Hungary will probably cut the highest key interest rate in the European Union by a full percentage point as policymakers try to combat the country’s longest recession since at least 1995.
(Bloomberg) — Hungary will probably cut the highest key interest rate in the European Union by a full percentage point as policymakers try to combat the country’s longest recession since at least 1995.
The central bank will cut its overnight interest rate to 14% on Tuesday, according to all 12 analysts in a Bloomberg survey. The move will bring the instrument, which was made the key rate in October to stem a plunge in the forint, one step away from the benchmark rate.
In a separate decision, the central bank kept the benchmark rate at 13%, while lowering the top-end of the rate corridor by 100 basis points, it said in a statement. Deputy Governor Barnabas Virag will hold an online briefing at 3 p.m., when the central bank will publish its key rate decision.
Hungary’s economy has contracted for four consecutive quarters as consumers and companies struggle with the EU’s fastest inflation and highest borrowing costs, which have depressed consumption and production.

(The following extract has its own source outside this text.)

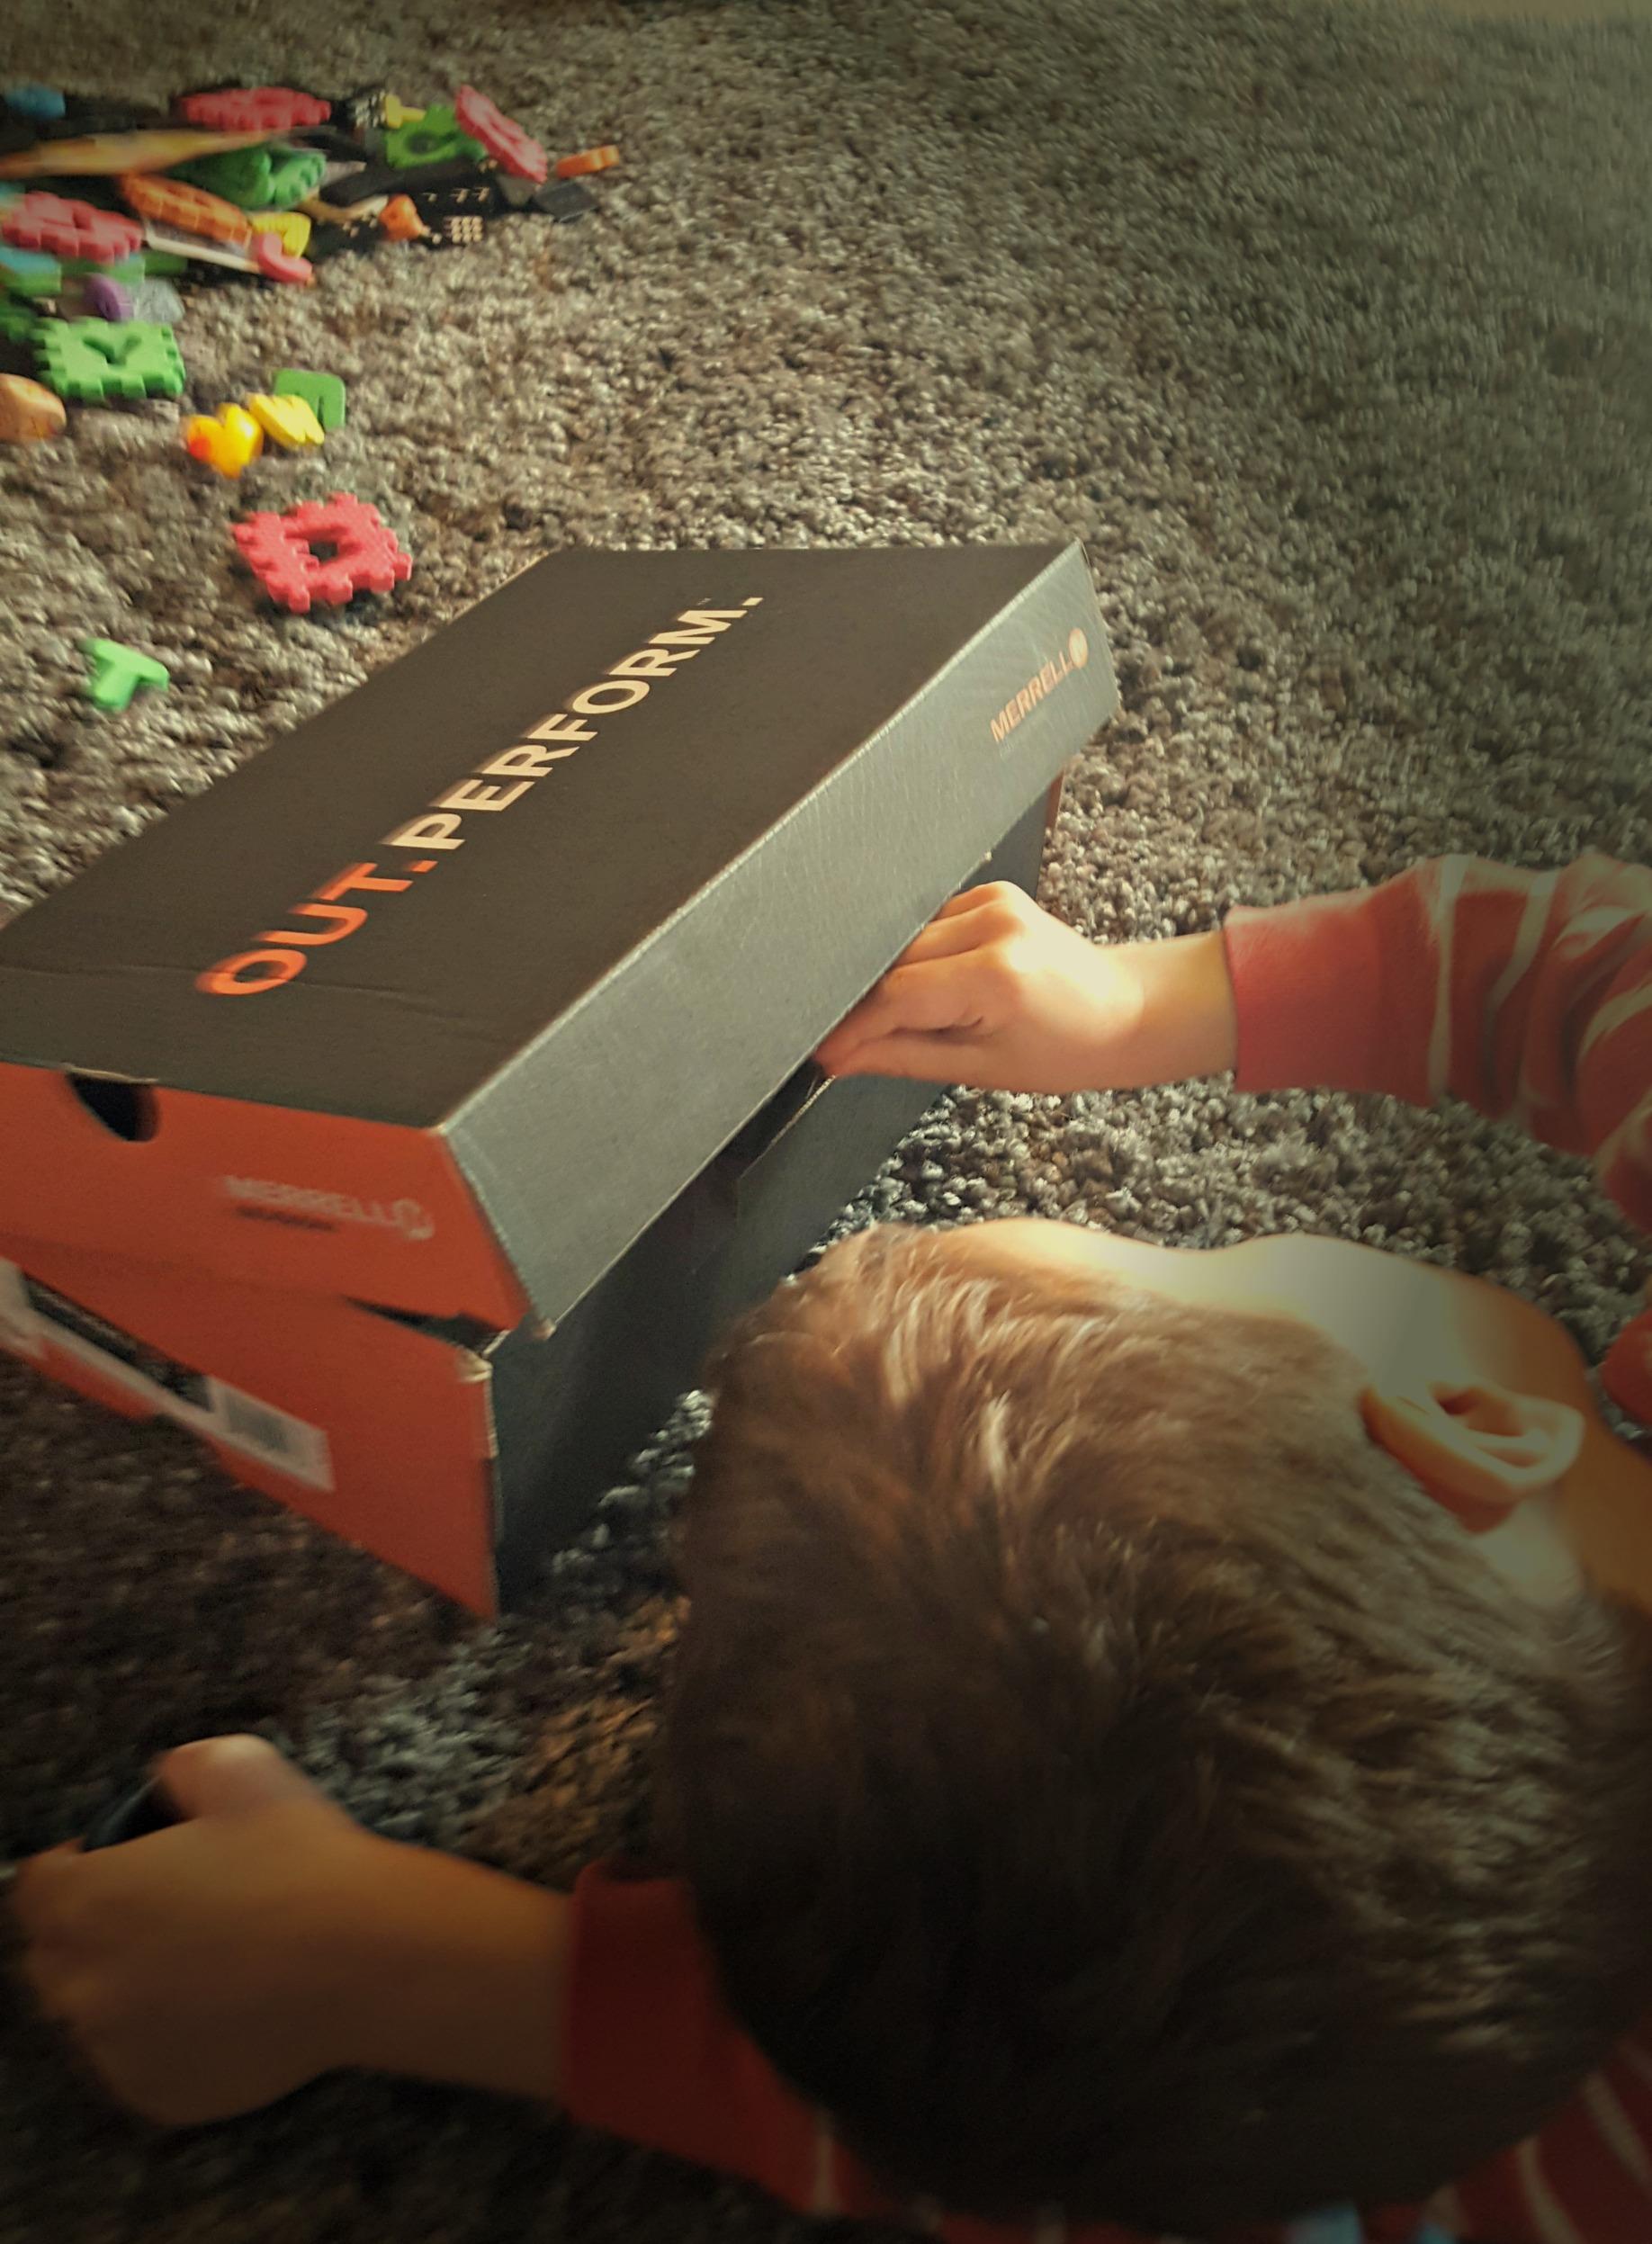 speech therapy shoe box

After annual inflation slowed from a peak of more than 25%, the central bank began normalizing its monetary policy in May by cutting its 18% key rate in 100-basis-point monthly steps.
After converging with the benchmark rate next month, the main interest rate levels may drop to 11% by year-end, according to the median forecast in a Bloomberg survey.
The forint gained as much as 0.5% against the euro on Tuesday before the key rate decision, boosting its year-to-date gain to 4.6% against the common currency.
(Updates with benchmark rate decision in third paragraph, forint in last.)